Evaluation. DeepEval and Promptfoo give you frameworks for testing LLM output quality, red-teaming, and vulnerability scanning. LangSmith and Braintrust provide hosted eval platforms with LLM-as-judge capabilities. The missing piece: accepting a structured spec and auto-generating a scenario suite that computes per-requirement satisfaction scores. The spec-to-eval bridge (the thing that tells you whether the agent actually built what you asked for) is unbuilt in open source.

Guardrails. NVIDIA NeMo Guardrails and Guardrails AI provide programmable safety rails for conversational AI. These are not coding harness guardrails. There is no open source framework for pre-commit hooks that block hardcoded credentials, no API call allowlist enforced at the tool level, no eval gate that rejects a pull request below a quality threshold. The guardrail layer for agentic coding is empty.
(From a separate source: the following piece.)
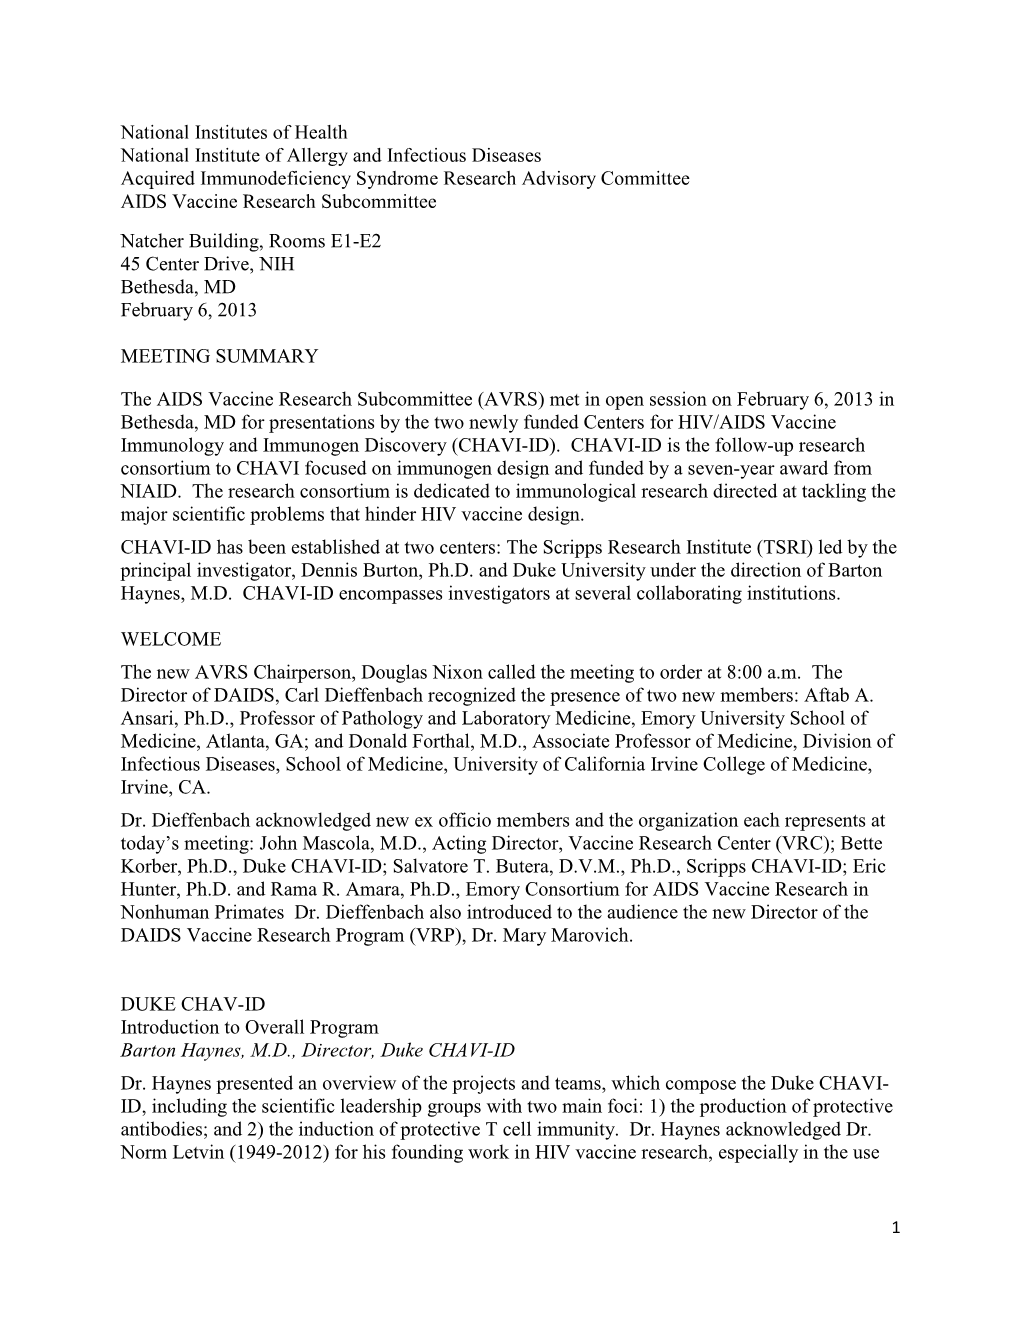 AVRS Meeting Summary, February 6, 2013

Observability. Langfuse gives you self-hosted tracing with token cost tracking and latency visibility. Arize Phoenix provides drift detection and RAG evaluation. Here is what neither tracks: spec compliance over time. The measurement that tells you when a spec that used to produce good output has started producing bad output, and why.
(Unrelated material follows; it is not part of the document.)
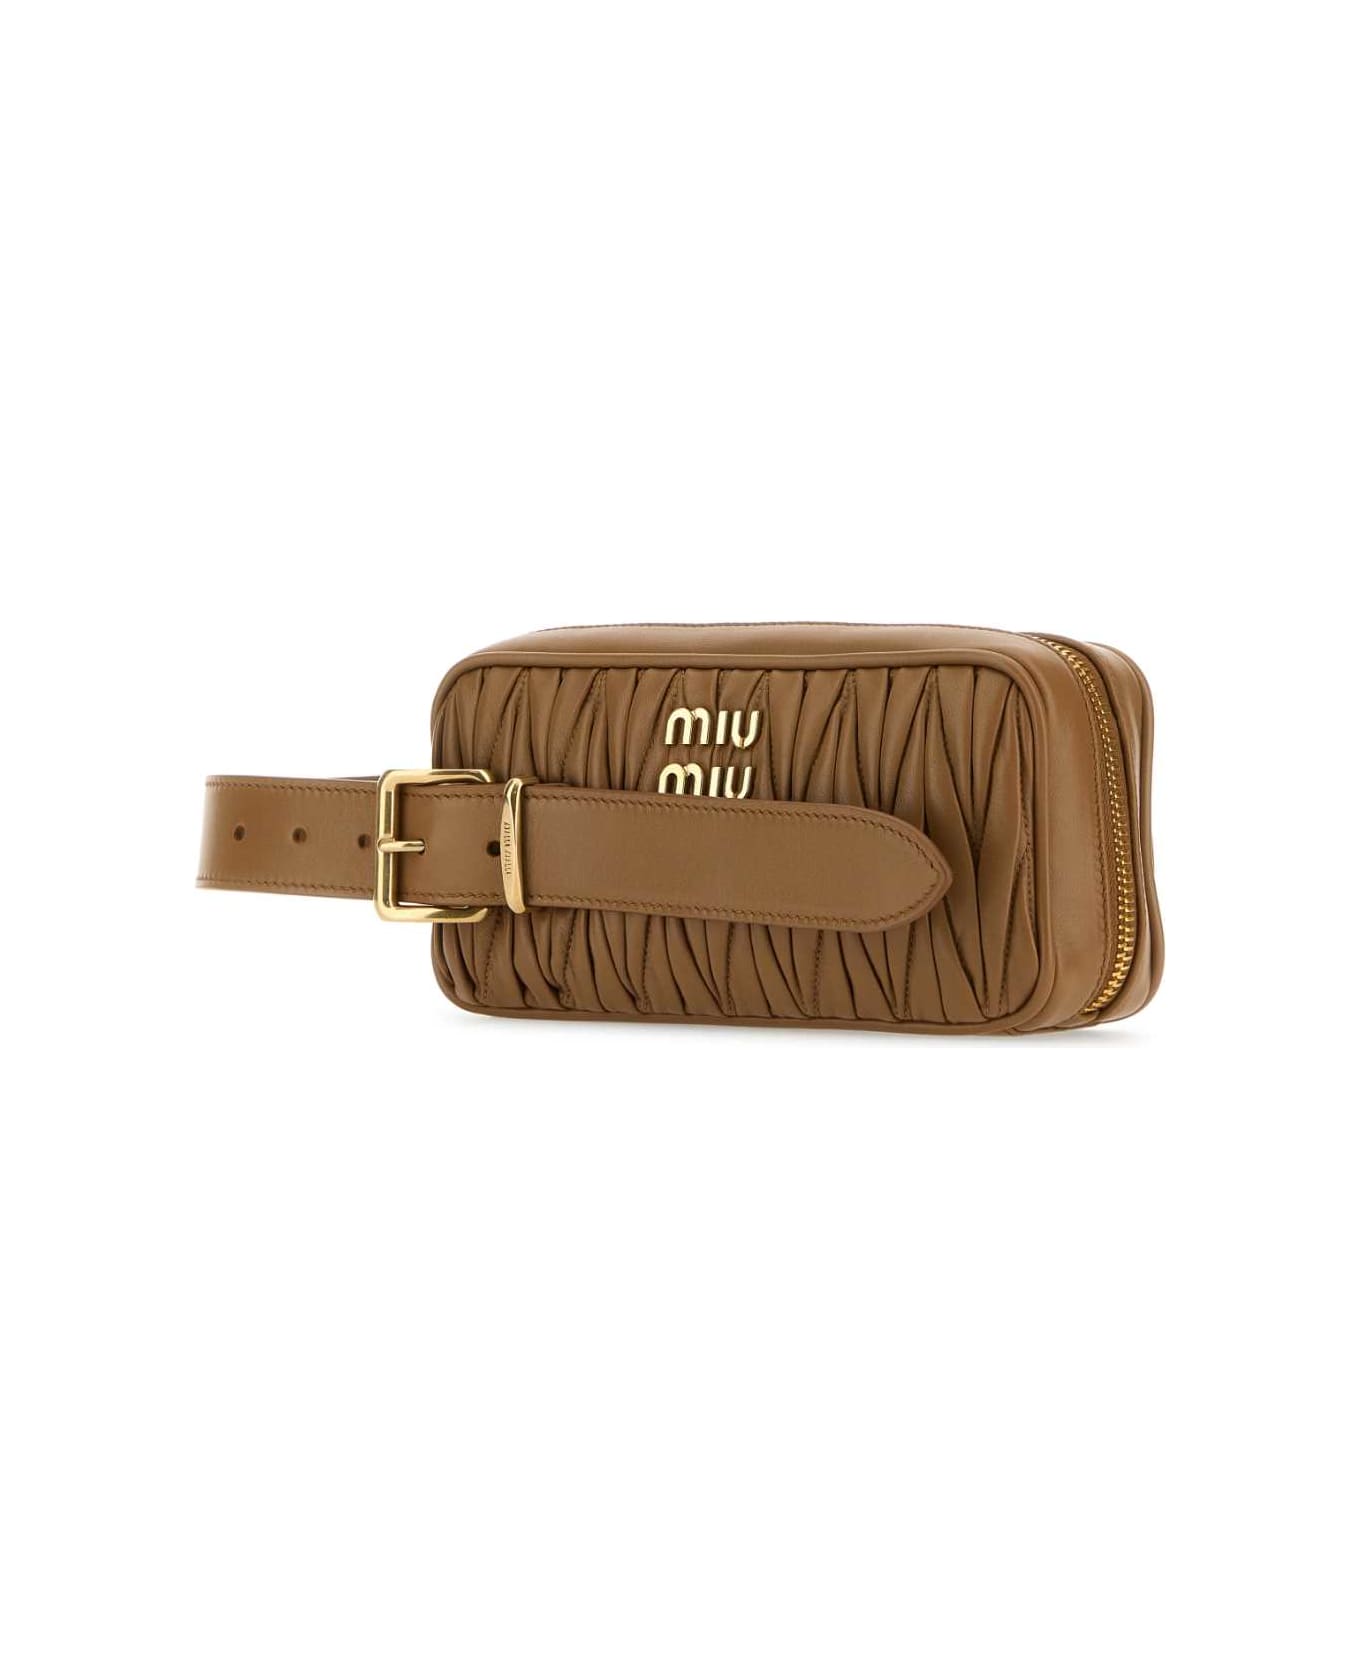 Miu Miu Biscuit Leather Clutch - CARAMEL ベルトバッグ

The components are here. They are open source. They are individually capable. If you wanted to build a Software Factory harness today, you could. It would take integration work. That integration work (the wiring between these layers, the spec-to-eval pipeline, the guardrails that understand your architecture, the observability that tracks spec compliance) is your competitive advantage. It is the thing a competitor cannot replicate by subscribing to the same SaaS platform. It compounds with every spec you write, every eval you add, every guardrail you harden.

The Model Will Get Cheaper#

Every company eventually faces this choice. Do you buy a managed AI coding platform that bundles the model, the tools, the harness into one subscription? The pitch is compelling: turn it on, start coding, don’t think about infrastructure.

The trade is that you’re renting your competitive advantage from someone who also rents it to your competitors. Every company on the same platform has the same harness quality. The same guardrail sophistication. The same context engineering. The platform commoditizes its own customers.

Building your own harness (assembling it from open-source components, investing in your own specs and evals and guardrails) has higher upfront cost. But the asset you create is yours. And unlike the model, which gets cheaper and faster and commoditized by the month, the harness gets more valuable. It gets more specific to your codebase, your architecture, your customers. It’s the only part of the AI stack where investment actually compounds.

I wrote about this compounding dynamic in more detail in “What Replaces Money”. The same flywheel that replaces venture capital in a nano-unicorn is the same flywheel that makes a harness worth building. Every eval you write, every spec you formalize, every guardrail you harden: these are compounding assets. The model is a consumable.

That’s the game. Most companies are standing in front of two doors, asking each other which one is better, while the companies that understand the rules are behind the building, constructing the thing that actually matters.

You don’t need to pick between OpenAI and Anthropic. You need to pick between renting your competitive advantage and building it. The model isn’t the moat. The harness is.